§ **EXERCISE BRIEF**: Restate the data below word for word. Leave the images out.
(SUPPLIED INFORMATION begins)
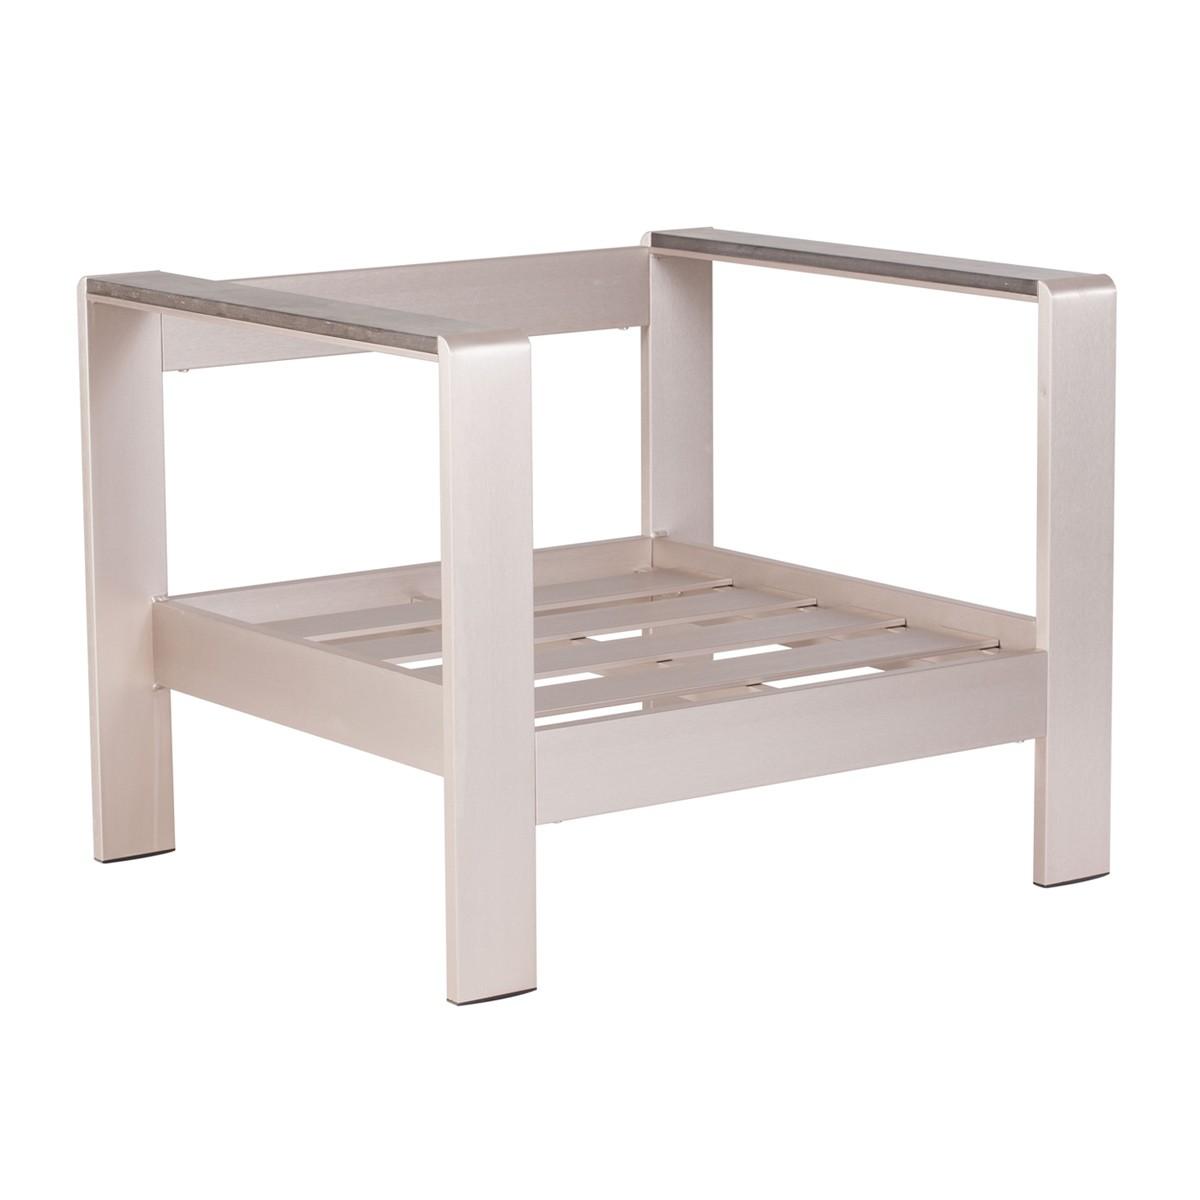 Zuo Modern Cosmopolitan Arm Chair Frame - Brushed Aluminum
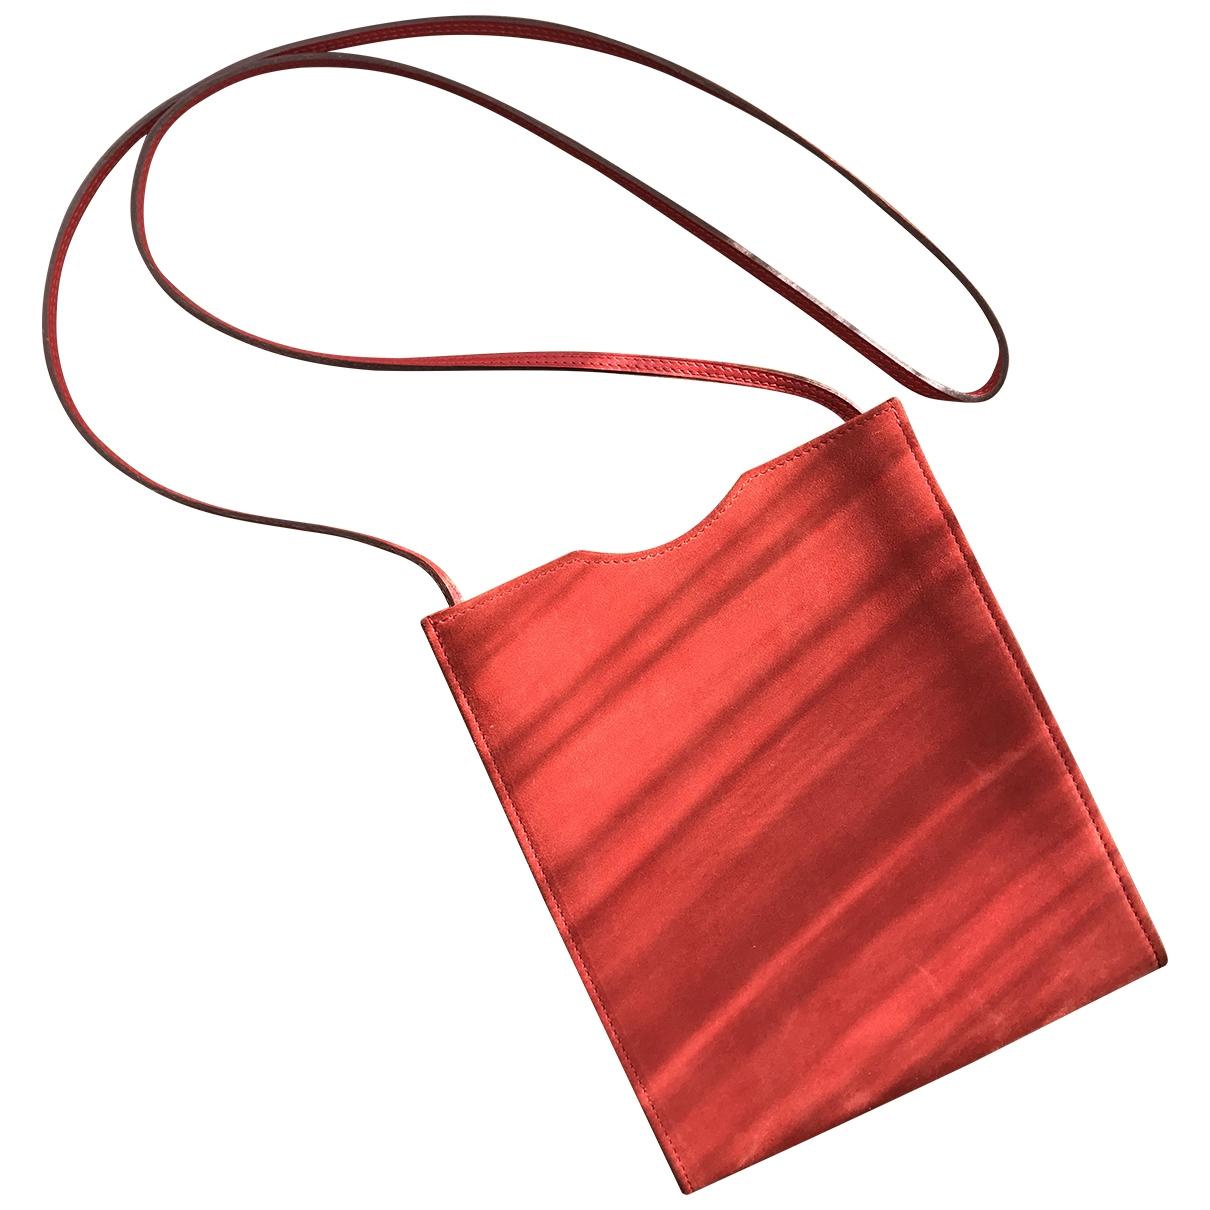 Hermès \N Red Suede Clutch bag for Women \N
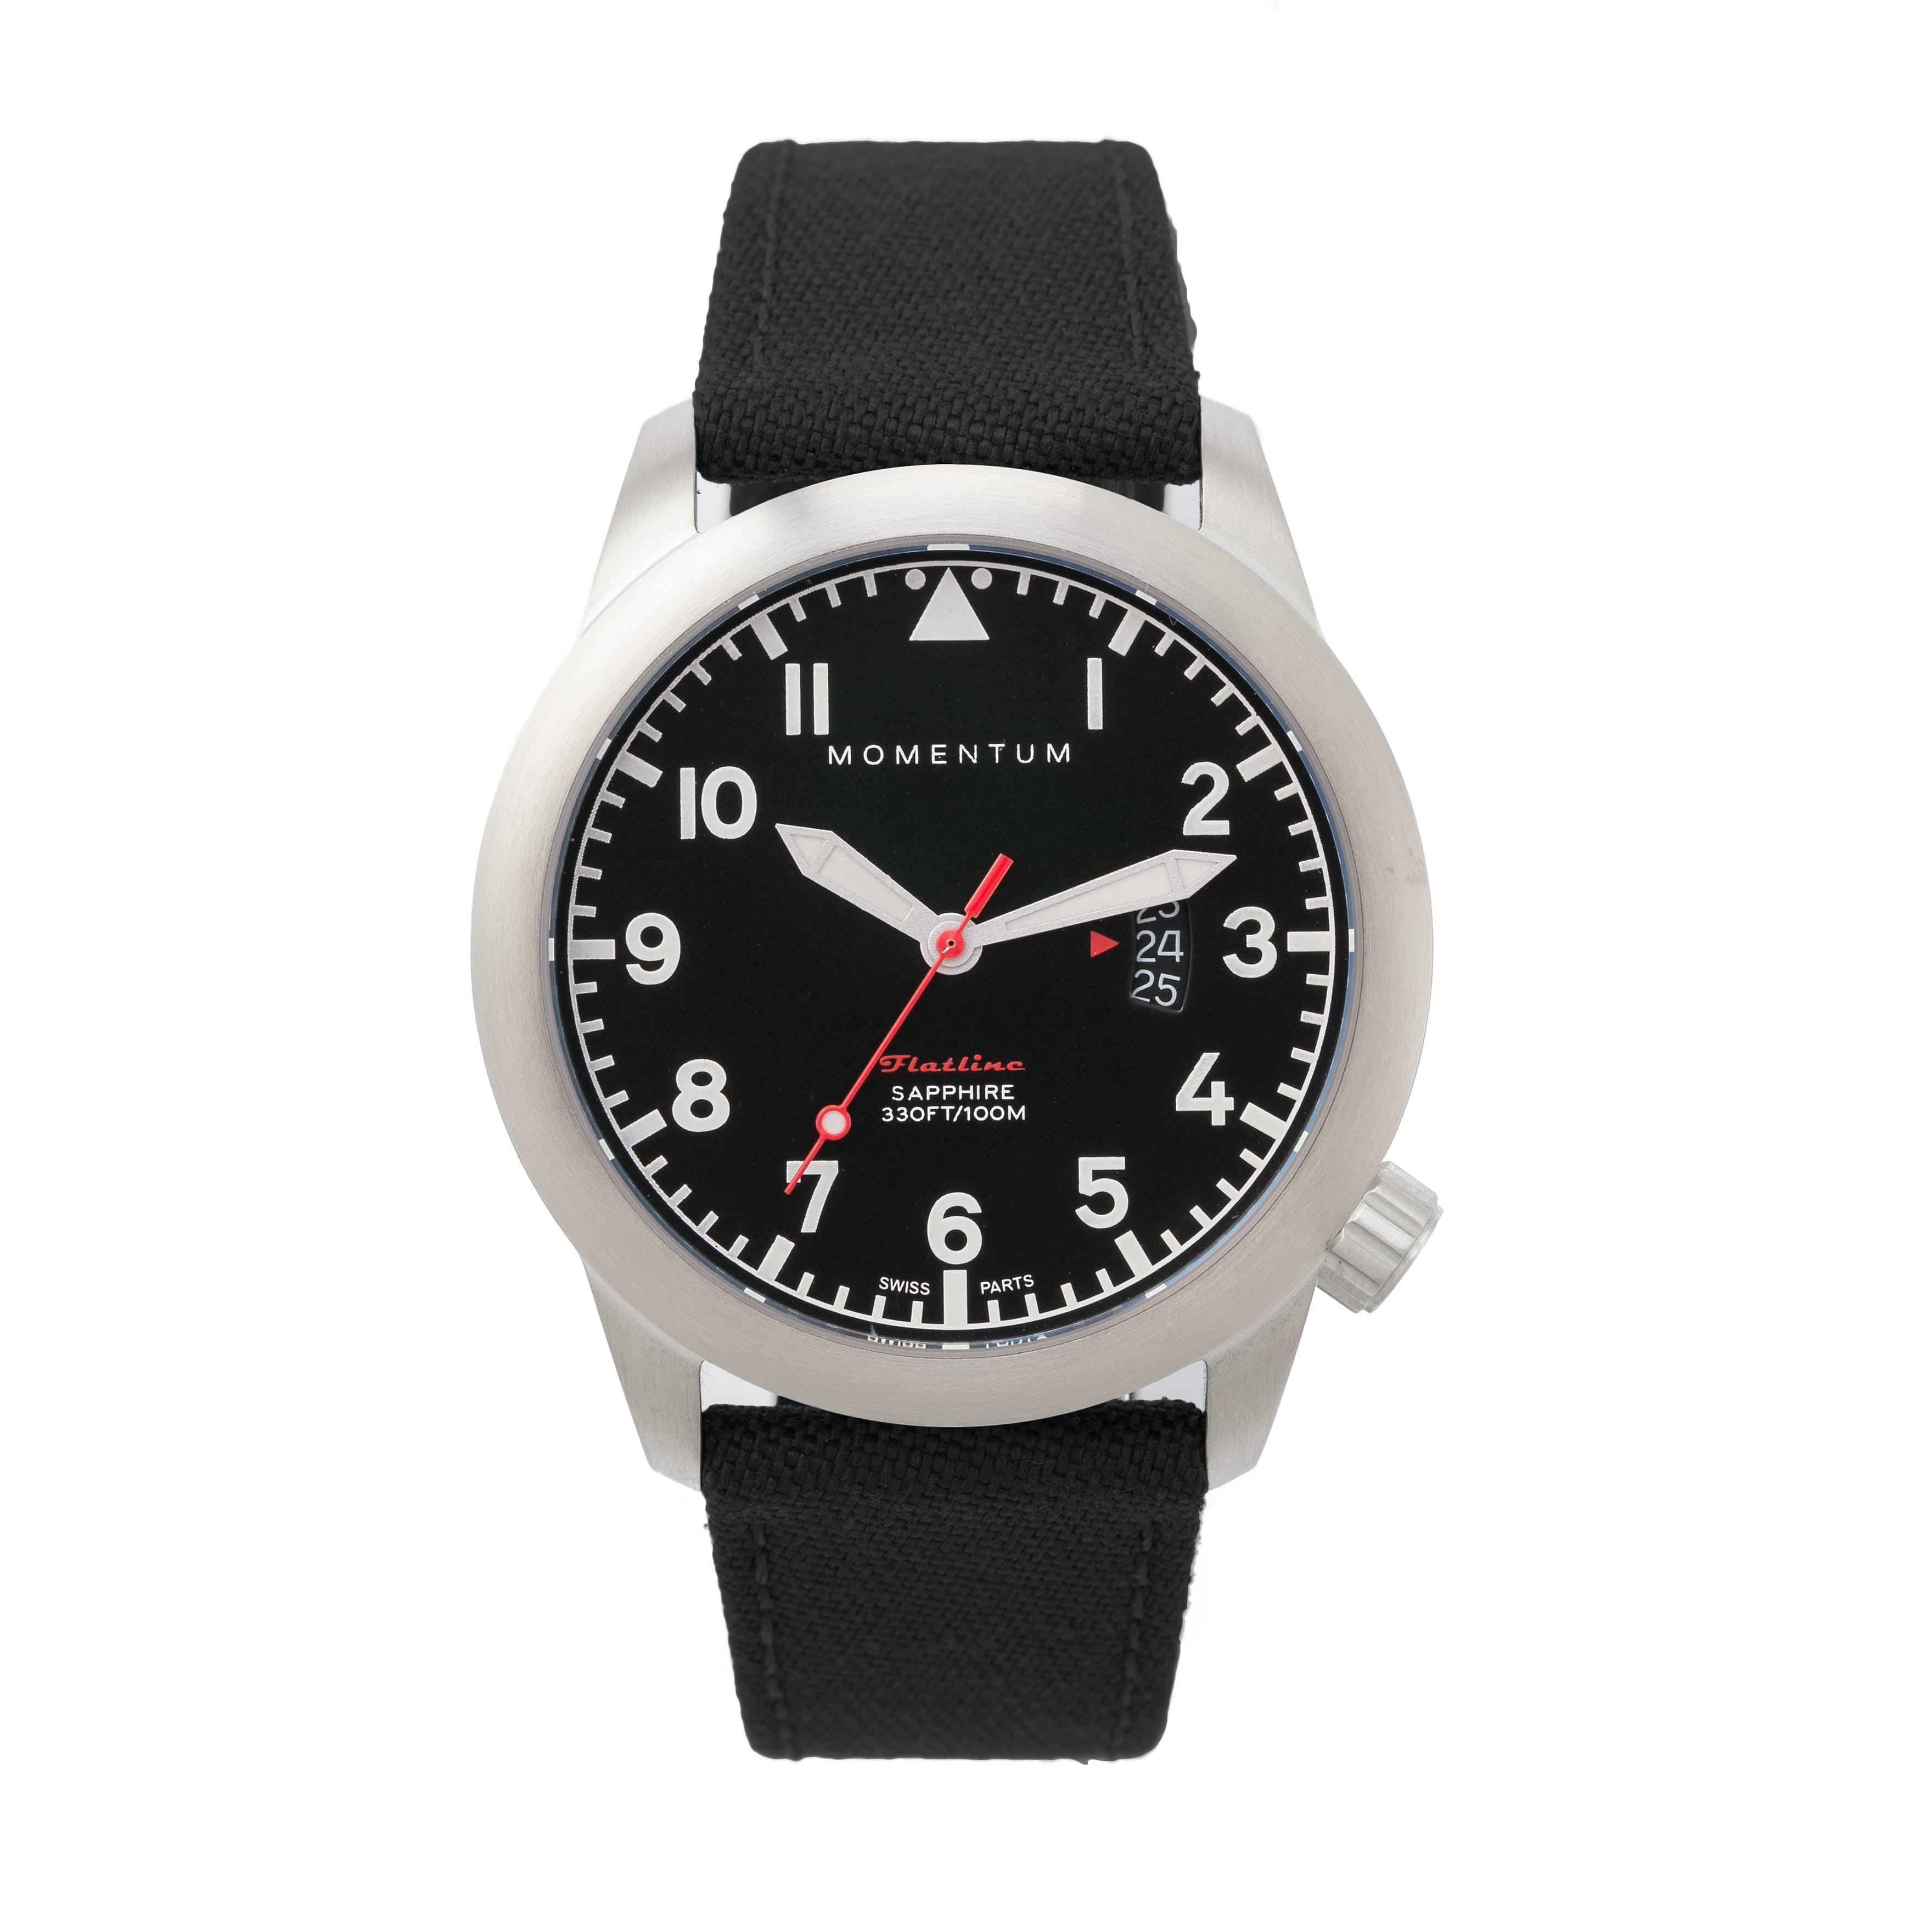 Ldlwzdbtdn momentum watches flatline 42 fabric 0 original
(SUPPLIED INFORMATION ends)
§ **RESULT BELOW**:
 Zuo Modern Cosmopolitan Arm Chair Frame - Brushed Aluminum
 Hermès \N Red Suede Clutch bag for Women \N
 Ldlwzdbtdn momentum watches flatline 42 fabric 0 original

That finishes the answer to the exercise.